Soft agar colony formation assays were done as described previously (12). Briefly, 2.5 mL of 0.5% agar in BMEM supplemented with 10% FBS with or without 20 ng/mL of TPA were layered onto each well of six-well plates. One milliliter of MEFs or Cl 41 cells or its stable transfectants with COX-2 siRNA construct alone or combined with human COX-2 expression vector (1 × 10⁴) was mixed with 2 mL of 0.5% agar in BMEM supplemented with 10% FBS with or without 20 ng/mL TPA and layered on top of the 0.5% agar layer. Plates were incubated at 37°C in 5% CO₂ for 30 days, and the number of colonies was scored as described previously (12).

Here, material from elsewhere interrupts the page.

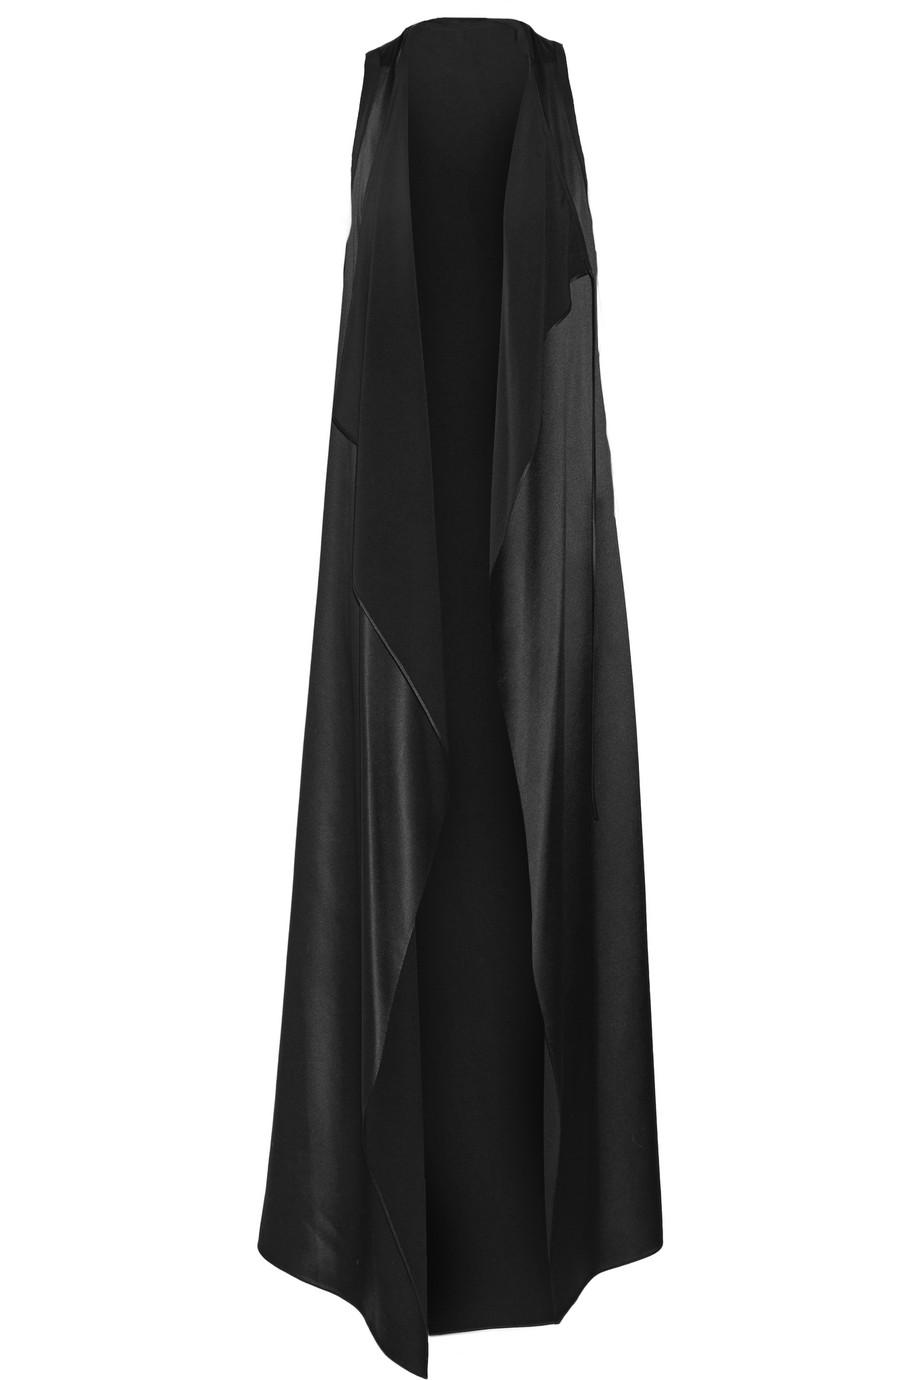 Marfa Silk-Satin Vest, Black, Women's, Size: 2

To analyze cell cycle distribution with propidium iodide staining, WT MEFs, COX-2 siRNA transfectants, and JNK1−/− or JNK2−/− MEFs were plated in six-well plates with the density of 2 × 10⁵ per well and cultured in normal 10% serum medium until 70% to 80% confluence. After being treated as described in figure legends, the cells were collected by centrifugation, fixed in ice-cold 75% ethanol at −20°C overnight. The fixed cells were stained in the buffer containing 100 mmol/L sodium citrate, 0.1% Triton X-100, 0.2 mg/mL RNase A, and 50 μg/mL propidium iodide at 4°C for 1 h, and then analyzed by the Epics XL fluorescence-activated cell sorting (Beckman Coulter) as described in our previous publication (57).

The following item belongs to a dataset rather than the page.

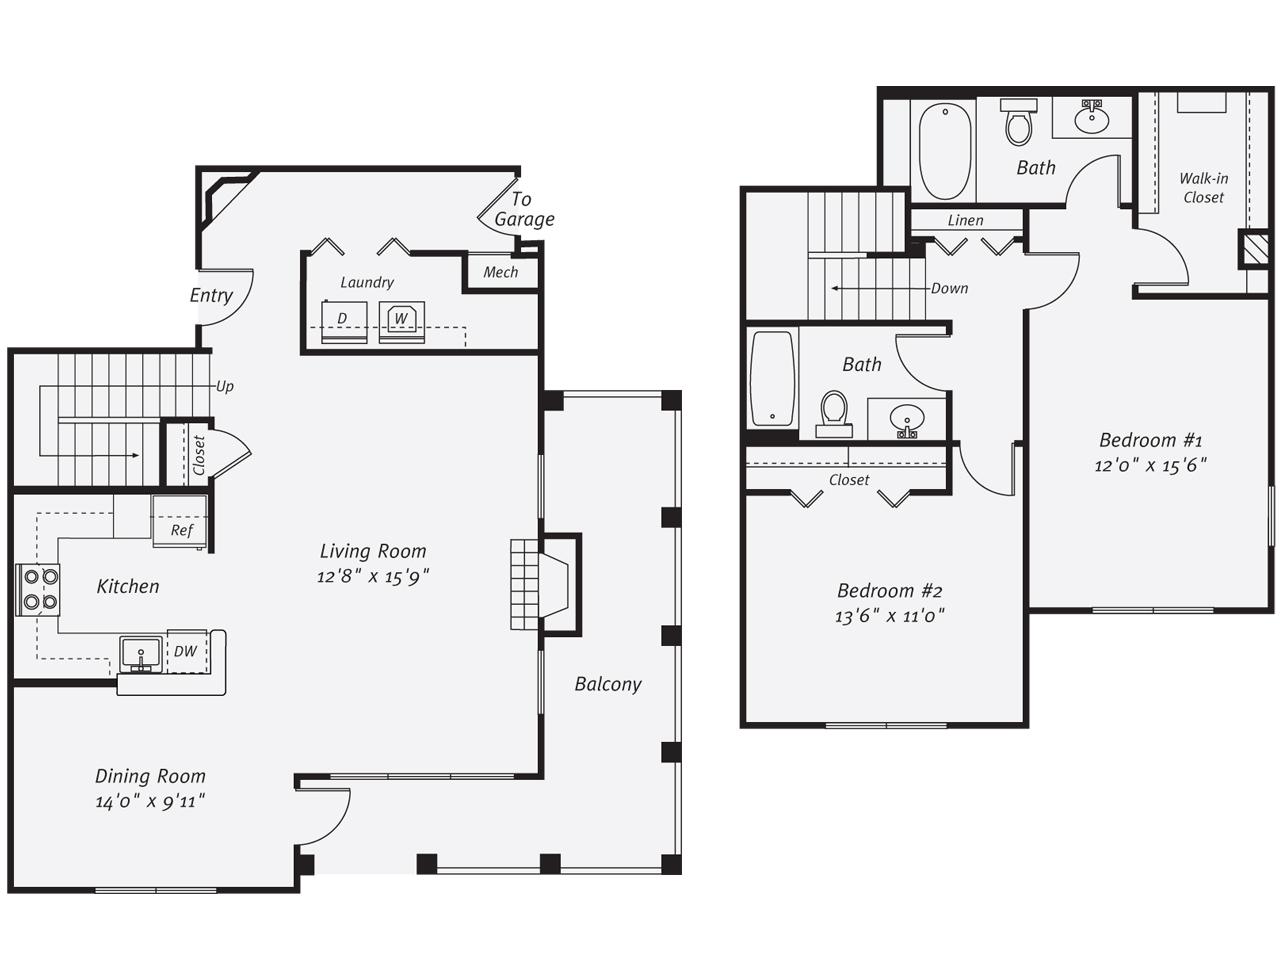 Ny coram thepointatpineridge p0571769 ny014 bt12g 2 floorplan

Three or 6 h postexposure to TPA, total RNA was extracted from the cells using Trizol reagent (Invitrogen). Total cDNAs were synthesized by ThermoScript reverse transcription-PCR system (Invitrogen). COX-2 mRNA amount presented in the cells was measured by semiquantitative reverse transcription-PCR using a pair of oligonucleotides (5′-TCCTCCTGGAACATGGACTC-3′ and 5′-GCTCGGCTTCCAGTATTGAG-3′). The control mouse β-actin mRNA was also detected by reverse transcription-PCR using the primers 5′-GACGATGATATTGCCGCACT-3′ and 5′-GATACCACGCTTGCTCTGAG-3′. The PCR products were separated on 2% agarose gels and stained with ethidium bromide; the images were then scanned from a UV light.

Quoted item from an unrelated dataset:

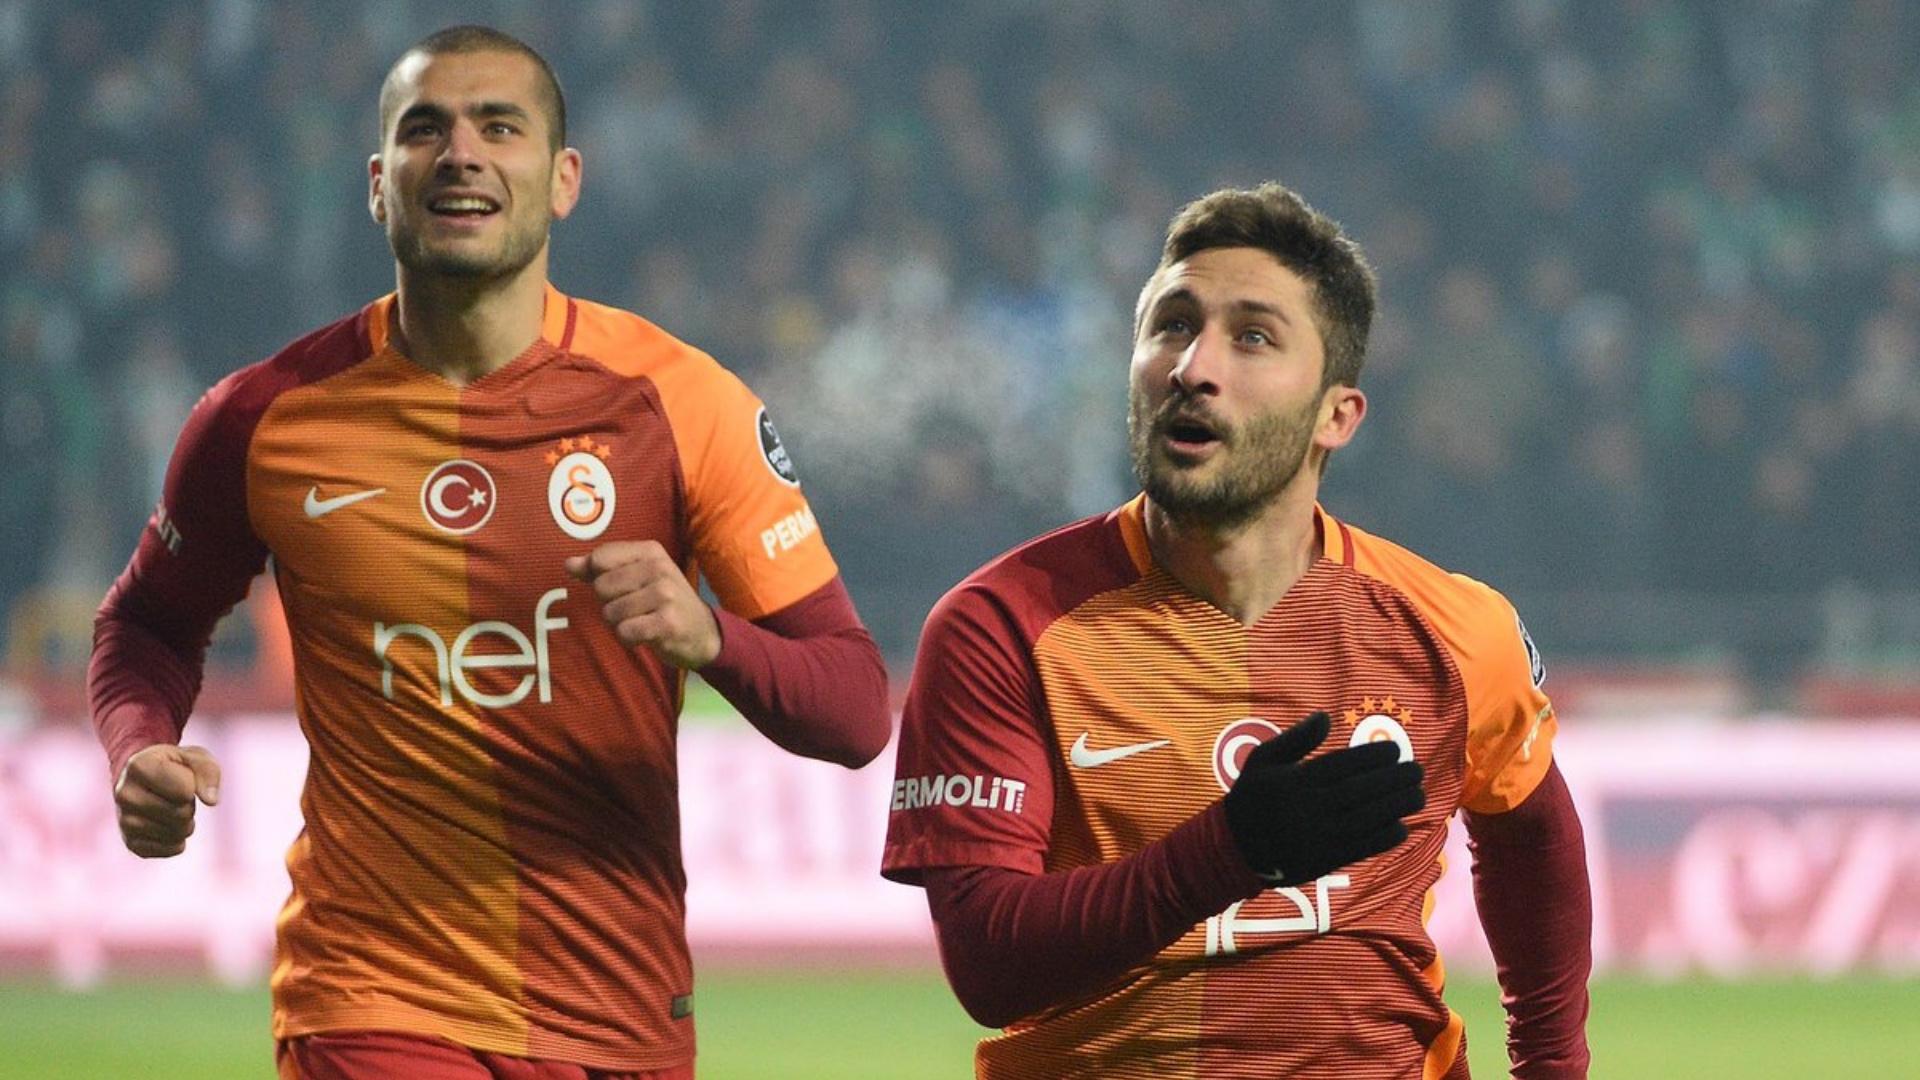 Konyaspor Galatasaray Eren Derdiyok Sabri Sarioglu 01142016 STSL

Cells were plated in six-well plates and cultured in 10% FBS-DMEM until 70% to 80% confluence. After exposure to TPA for various times as indicated in the figure legends, the cells were washed once with ice-cold PBS and collected with SDS-sample buffer (58). The cell extracts were sonicated, denatured by heating at 100°C for 5 min, and quantified with a detergent-compatible protein assay kit (Bio-Rad). Equal aliquots of cell extracts were separated on SDS-polyacrylamide gels. The proteins were then transferred to polyvinylidene difluoride membranes (Bio-Rad), blocked, and probed with one of the antibodies against COX-2 antiserum (Cayman Chemical Co.), phosphospecific c-Jun (Ser⁷³), JNKs (Thr¹⁸³/Tyr¹⁸⁵), p38 (Thr¹⁸⁰/Tyr¹⁸²), and extracellular signal-regulated kinases (Thr²⁰²/Tyr²⁰⁴), or nonphosphorylated c-Jun, JNKs, p38, extracellular signal-regulated kinases, HA, IKKα, IKKβ (Cell Signaling Technology), p65 (Santa Cruz Biotechnology), or β-actin (Sigma). Primary antibody-bound proteins were detected by using an IgG alkaline phosphatase–linked secondary antibody and an ECF Western blotting system (Amersham; ref. 59).

The Student's t test was used to determine the significance of differences of COX-2 induction and AP-1 or NF-κB activation between TPA-treated cells and medium control or among various cell lines. The differences were considered significant at P < 0.05.